# INFORMATION SUPPLIED
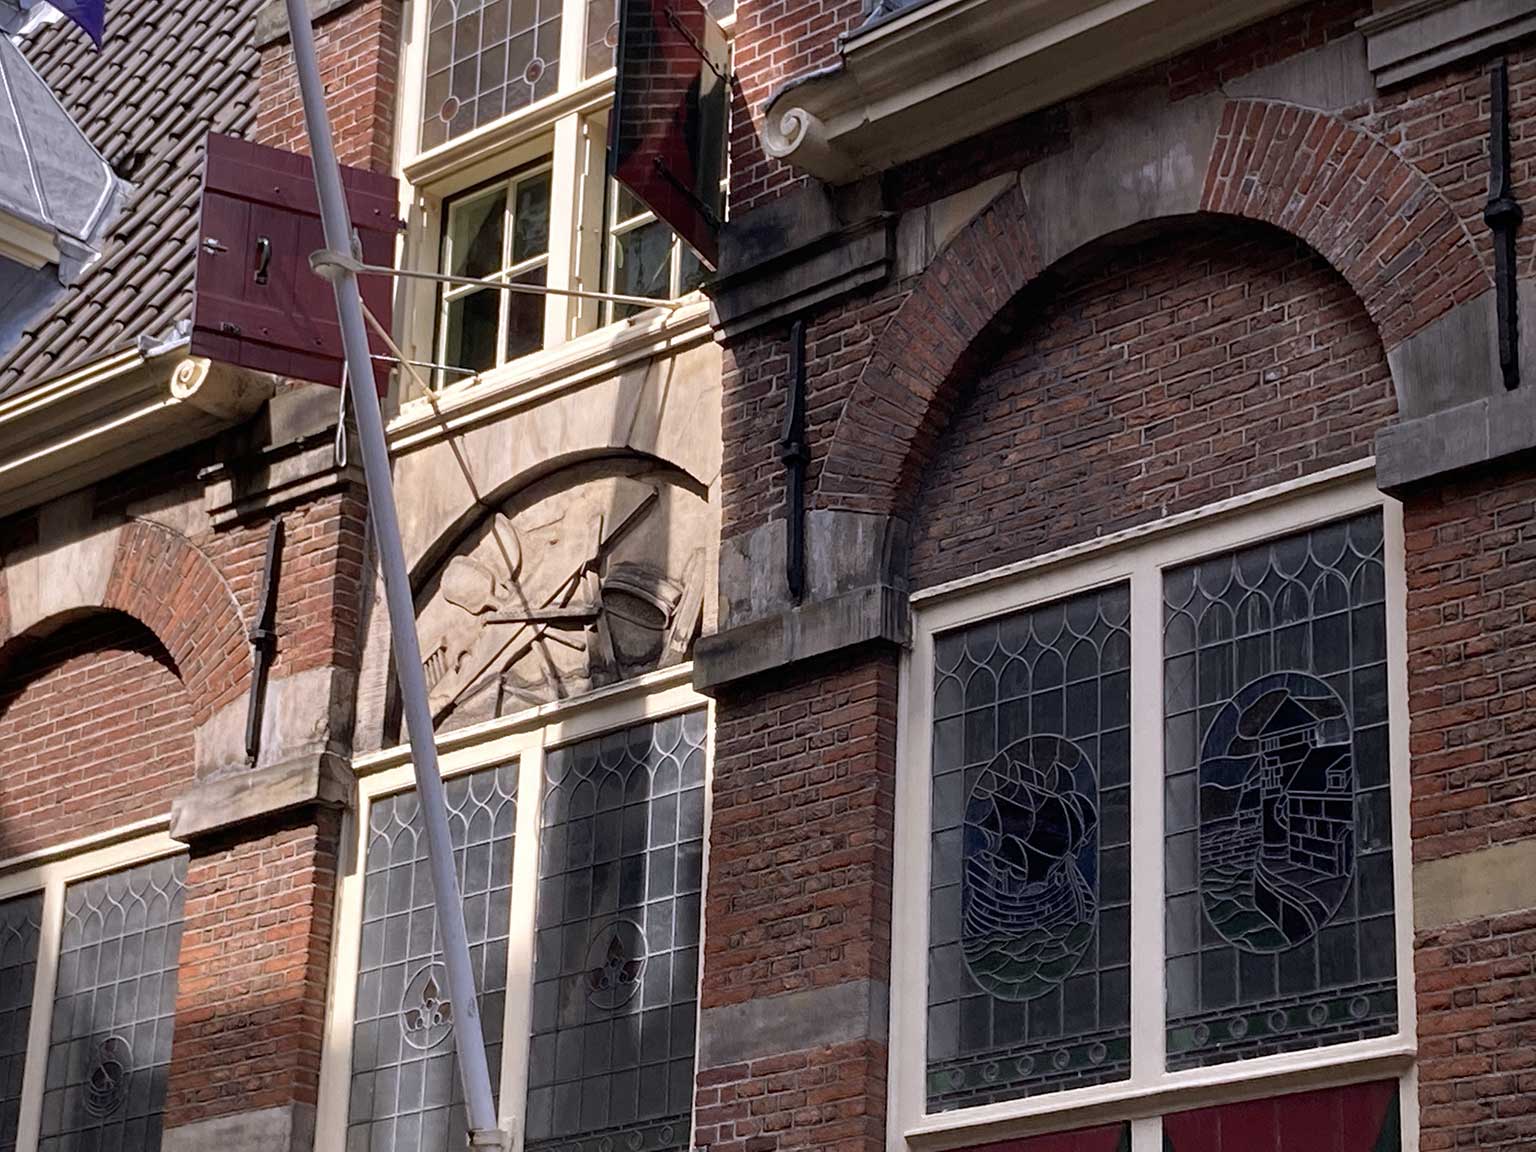 Relief above the front door of the Korenmetershuis, Amsterdam
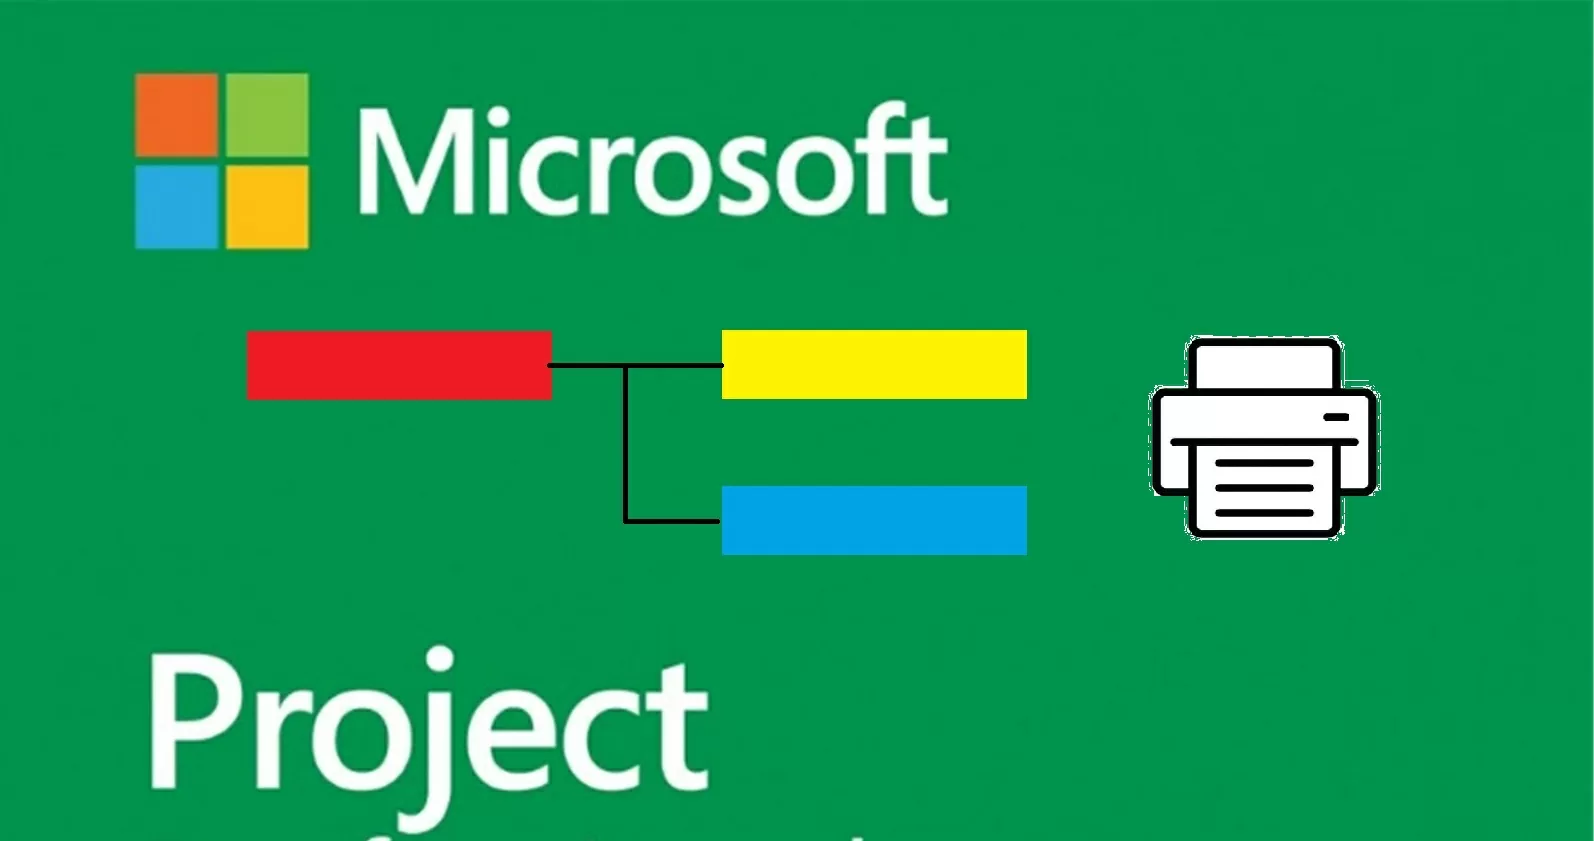 Come personalizzare la stampa del Gantt project in Microsoft Project
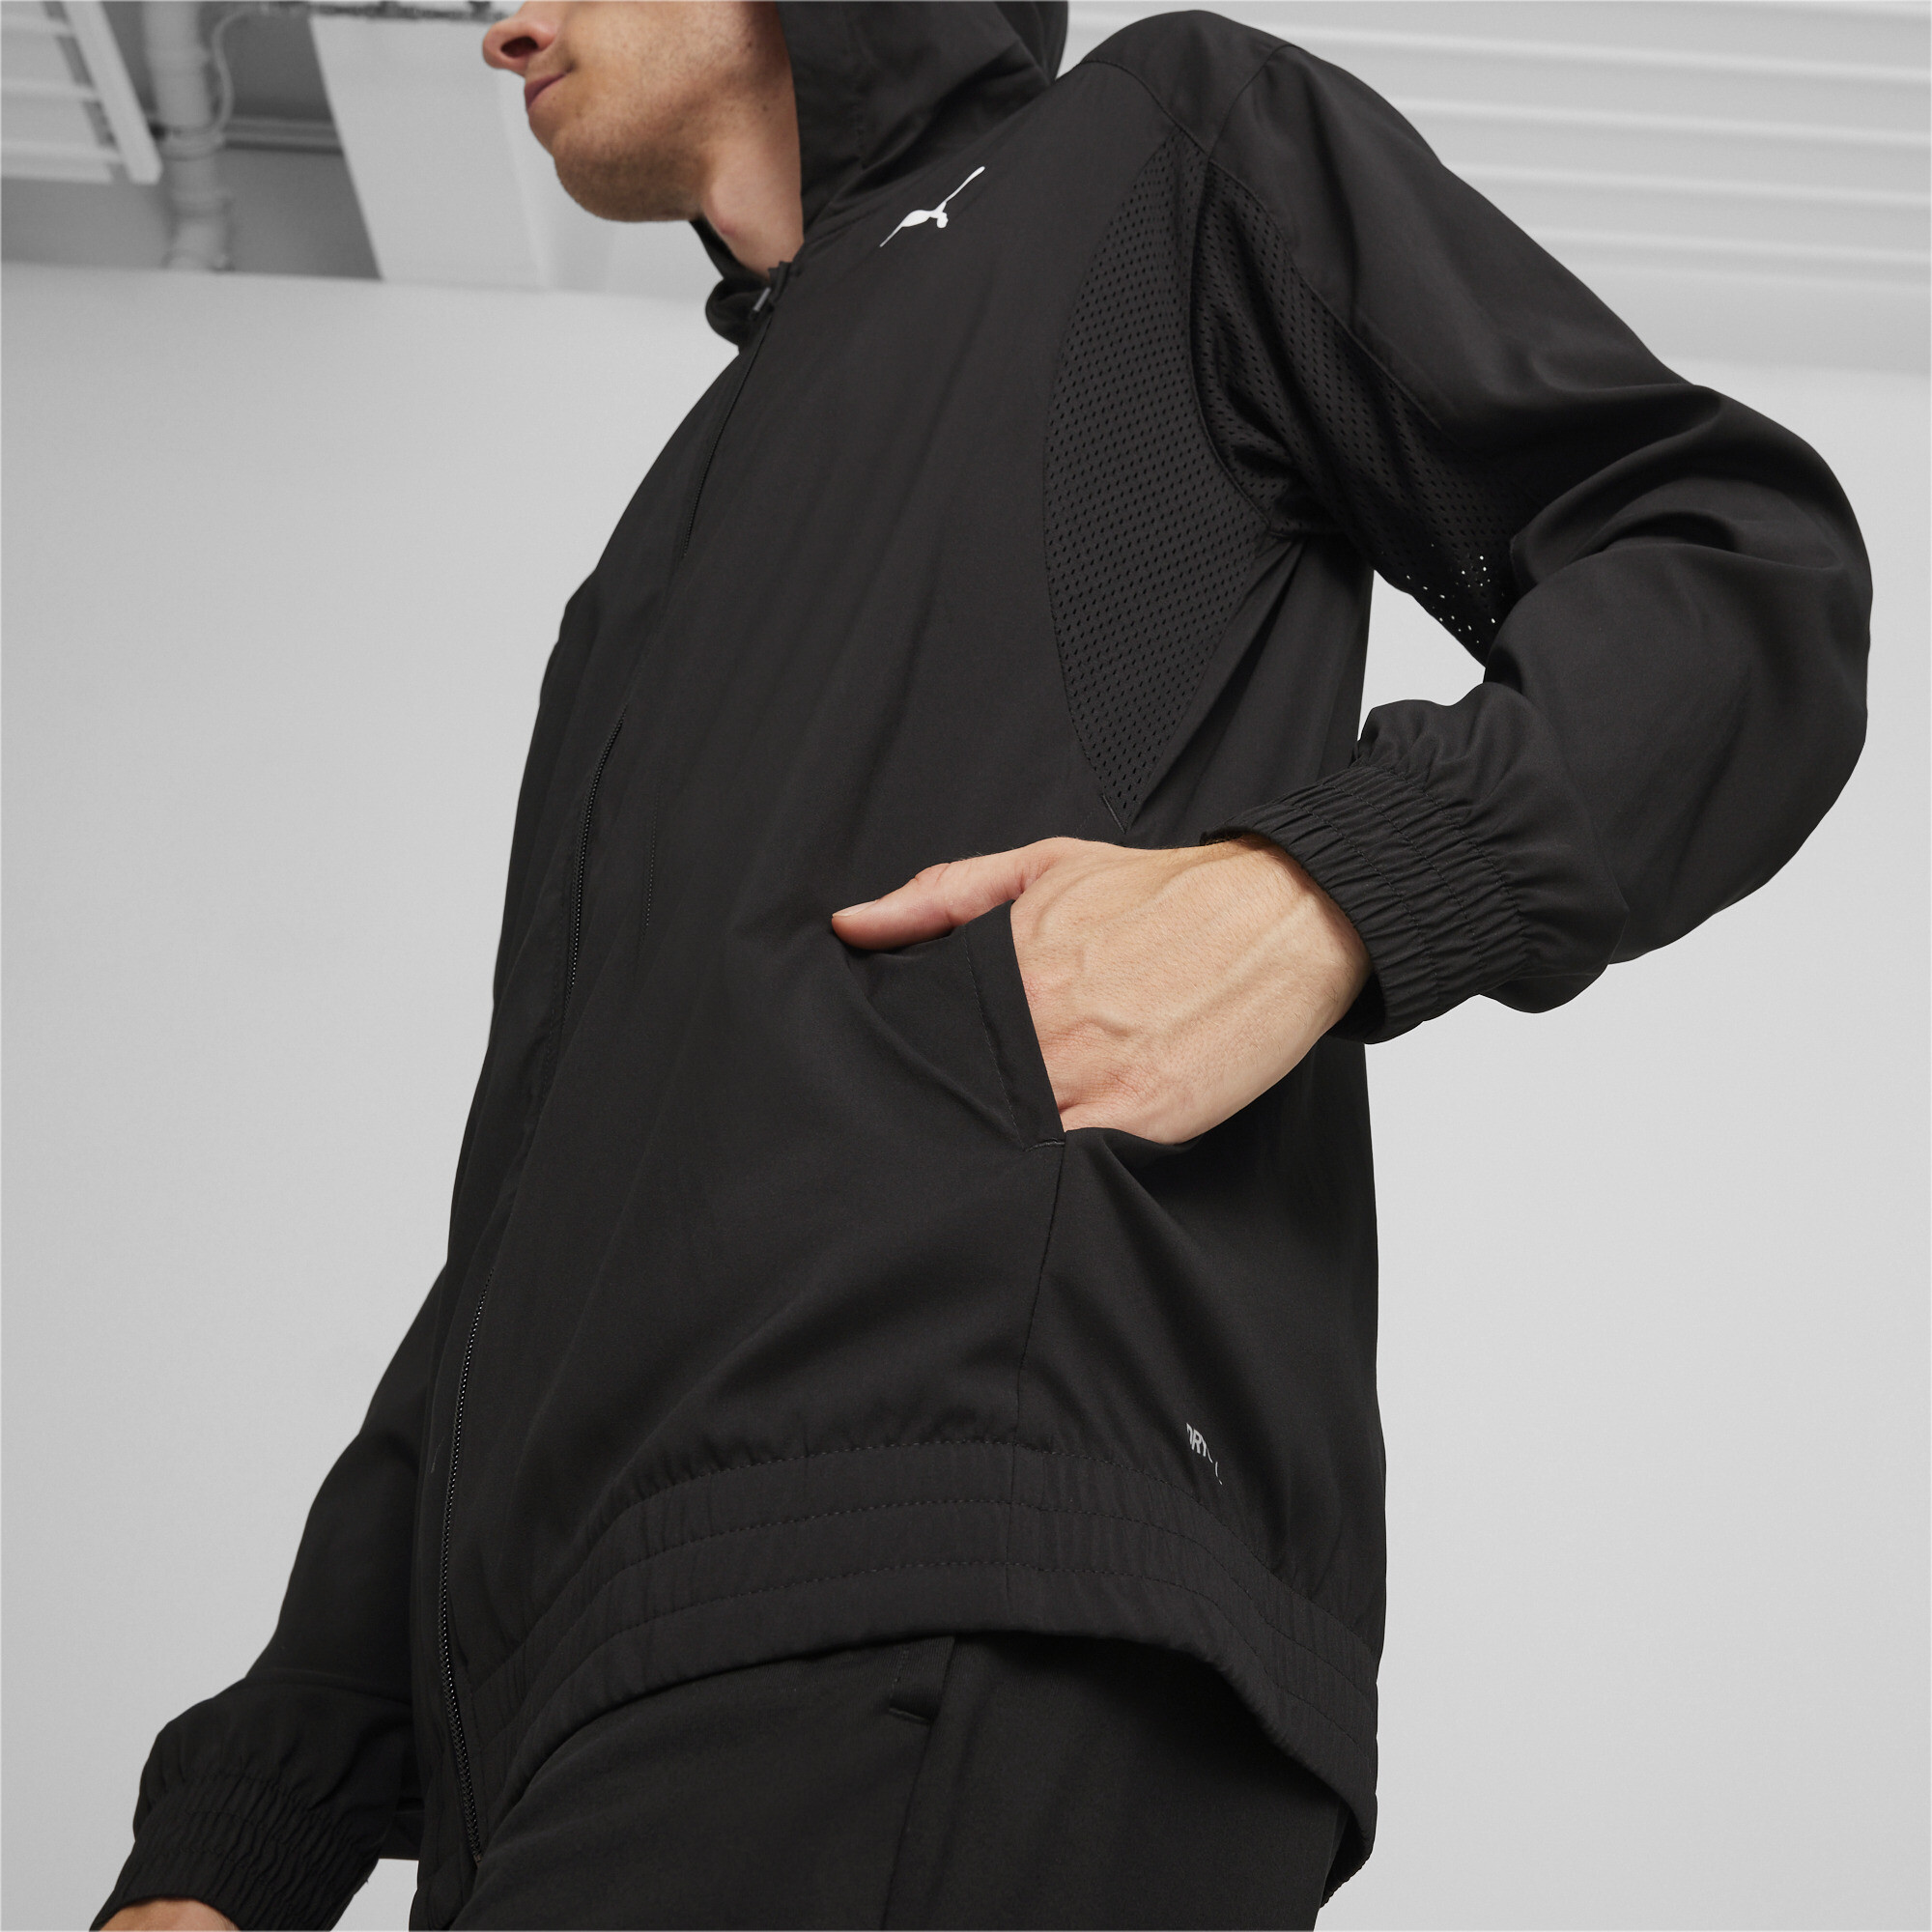 Men's PUMA FIT Woven Full-zip Jacket In Black, Size XL

# EXERCISE OBJECTIVE
An exact reproduction of the data is required, with pictures excluded.

# ANSWER
 Relief above the front door of the Korenmetershuis, Amsterdam
 Come personalizzare la stampa del Gantt project in Microsoft Project
 Men's PUMA FIT Woven Full-zip Jacket In Black, Size XL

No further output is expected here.